Art during crisis

Artists Answer COVID-19

Inspiration, comfort, challenge, reflection, discussion—at no time do creative arts offer us more than during crisis.

Artists Answer COVID-19

Faced with the closing of so many doors through travel bans, museum and gallery closures, lockdowns, quarantines and social distancing, artists of all kinds are responding with new ways to make new connections on new platforms to articulate this moment in history.

For visual artists and their artistic practices, the challenges of covid-19 have inspired everything from revisiting previous works while in lockdown to creating something entirely new in direct response to the crisis. Here, we look at a selection of artworks, all undertaken since February by artists of Middle Eastern heritage or residence, that pertain loosely to themes of isolation, lifestyle, access, environment and healing. The artists are only a few of the many who, amid coping with their own personal obstacles, continue to create, collaborate and encourage art that, as the works here show, proves both culturally particular and universal.

Coming to Terms with Isolation

While quarantines and social distancing may be our best defenses against the virus, even surveys conducted earlier this year by the medical journal The Lancet Psychiatry and the uk Academy of Medical Science forecast “profound” and “pervasive” impacts on mental health that research since has borne out. With the global economy forecast to contract as much as 1.75 percent in 2020, it is increasingly clear that the effects of the pandemic will be with us for some time. 

Artistic responses arose almost instantaneously, such as the quick, iconically virus-themed napkin sketch, penned by Almigdad Aidikhaiiry, and a painting of a face-masked man by Salah El Mur (both coincidentally from Sudan).

The uncertain boundaries between fever dreams and reality, as well as cell biology became themes for the Dubai-based design studio Apical Reform, known for its kinetic works and founded by Amrish Patel. The several resulting pieces, which use a “digital canvas” to display gently moving, digital images, all showed the tendency of early covid-themed art to address the general fear of an unknown and novel coronavirus.

For some, however, isolation played to existing specialities. Lebanese photographer and filmmaker Omar Sfeir looks often at intimacy and human relationships. His most recent work, carried out in collaboration with poet Nadia Hassan, hones in on the psychological pressures of isolation. Hassan’s poetry feels raw and unedited, inspiring in Sfeir a complementary, seemingly spontaneous photographic esthetic, producing together effects greater than either could alone.

For Saudi acrylic artist Jassim Al Dhamin, “Art was the only way to escape,” he says, from both isolation and worry. Tapping his emotions, Al Dhamin’s covid-fueled work focuses on the ambiguously similar physical sensations of flying and falling, employing his signature palette and expressive linage to evoke instability.

For others, isolation led to outreach. Renowned sculptor Athar Jaber, born to Iraqi parents and currently living in Antwerp, Belgium, says he asked himself, “How can art and artists directly contribute to society?” This motivated him to mobilize his stone-working skills to carve from marble 10 different interpretations of face masks, sell them and donate the proceeds to the United Nations High Commissioner for Refugees. He dedicated the project, which he titled A Mask for Life, to the people who often have little or no physical space for the social distancing covid-19 demands, “making them among the most vulnerable people” around the world, he says.

Shifting Lifestyles

As contemporary artworks are being conceived and brought into existence in relative isolation, covid-19 is providing a moment to reflect upon artistic practice and lifestyles as a whole.

Syrian-born artist Osama Esid, who now resides in Minnesota, has used the slower pace of pandemic life to re-edit and compile old works in his usual medium of painted photographs in colored oils while developing new techniques. These include the use of a filament pen to draw directly on celluloid and then printing the images using either silver gelatin photographic paper or a printing press.
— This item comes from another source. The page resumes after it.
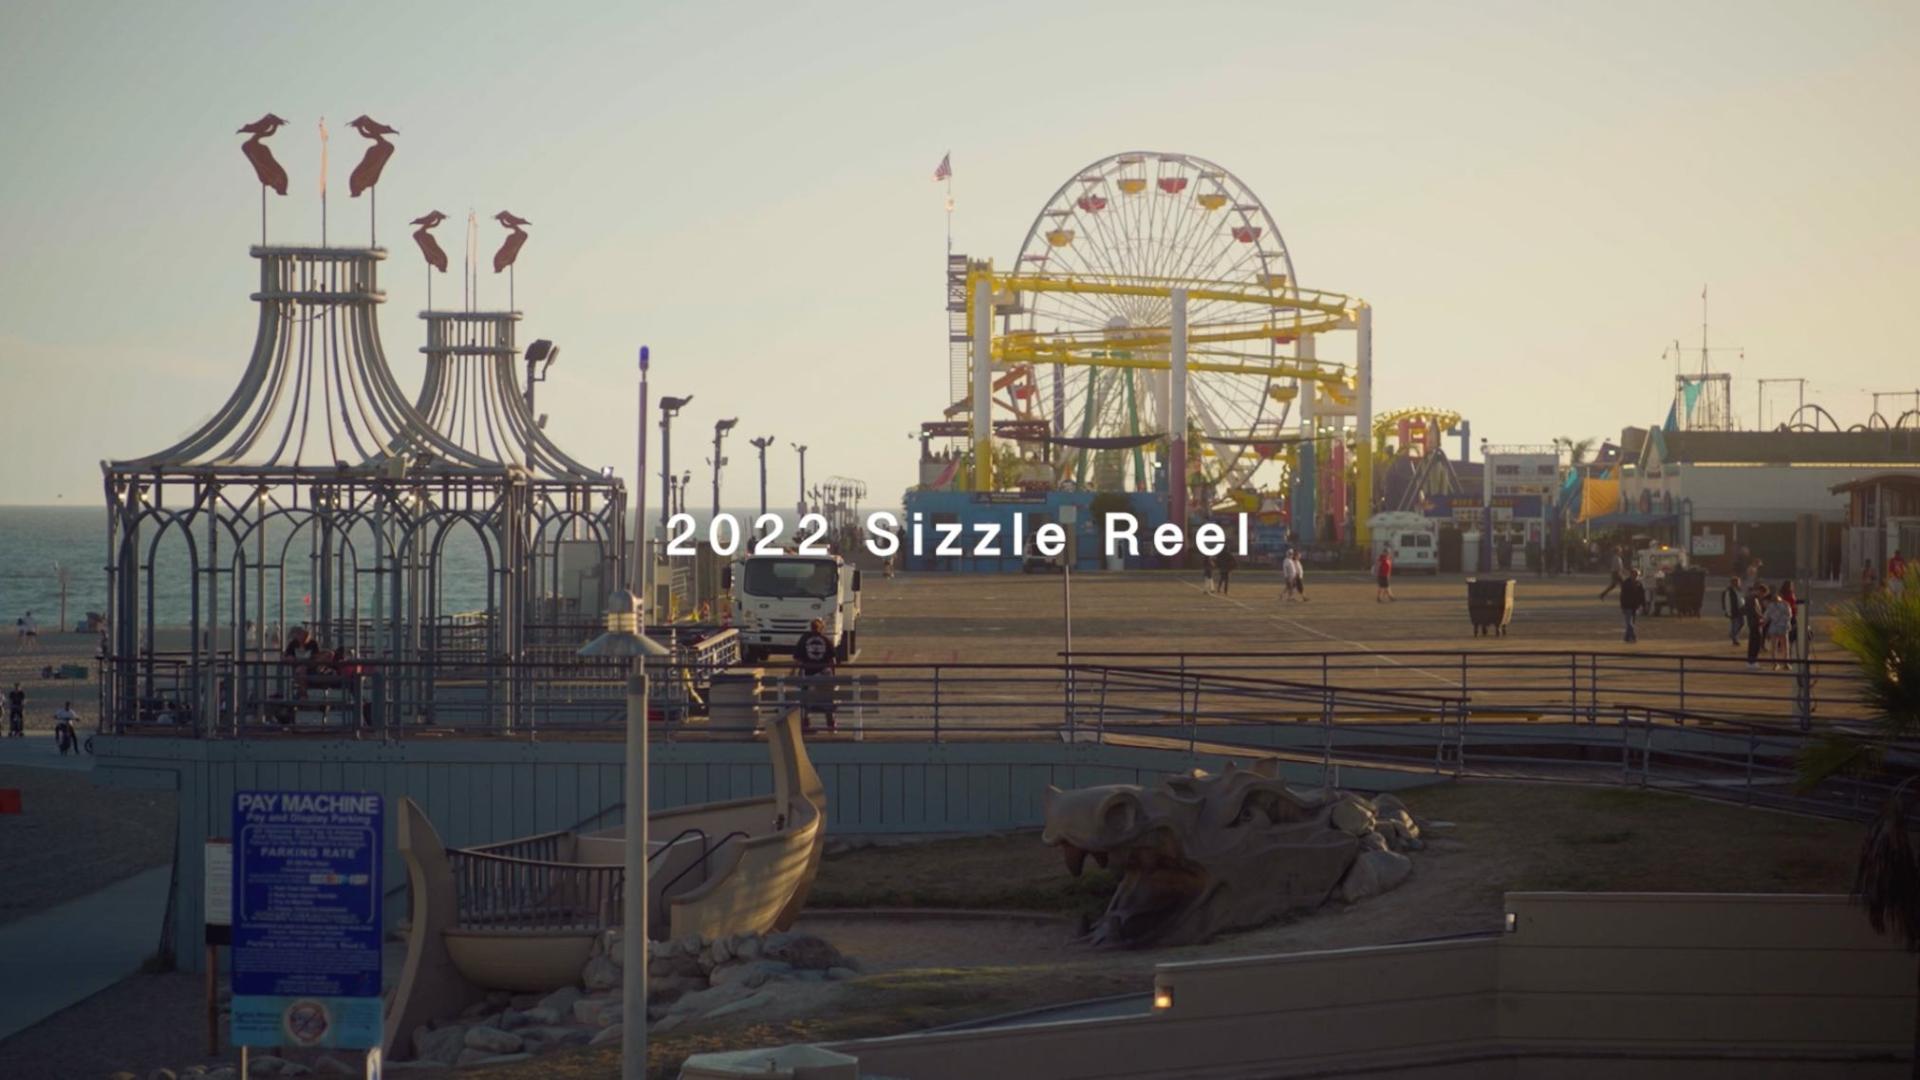 2022 Sizzle Reel

Similarly, Beirut-based painter Tagreed Darghouth says the quietude of social distancing offered “an opportunity to focus” while retaining her usual routines of long days in her studio.

Also working in Lebanon from a home and studio he calls his “little island” amid the mountains above Beirut, Nadim Karam says he has welcomed the opportunity quarantine has given him to invite members of his family into his practice through direct participation in creating some of his large-scale works.

On August 4, for Darghouth, Karam and thousands of others in Beirut, the explosion in the city’s port shattered far more than just the windows and glass doors of studios and homes. “Hundreds and thousands, friends and acquaintances, dead, injured and displaced. This disaster has changed our lives forever,” Karam laments before shifting to resolution. “Although coronavirus created a definite change, this disaster brings forward a wind of fresh energy”—energy he says should be mobilized as “creative power” to push for political and social change.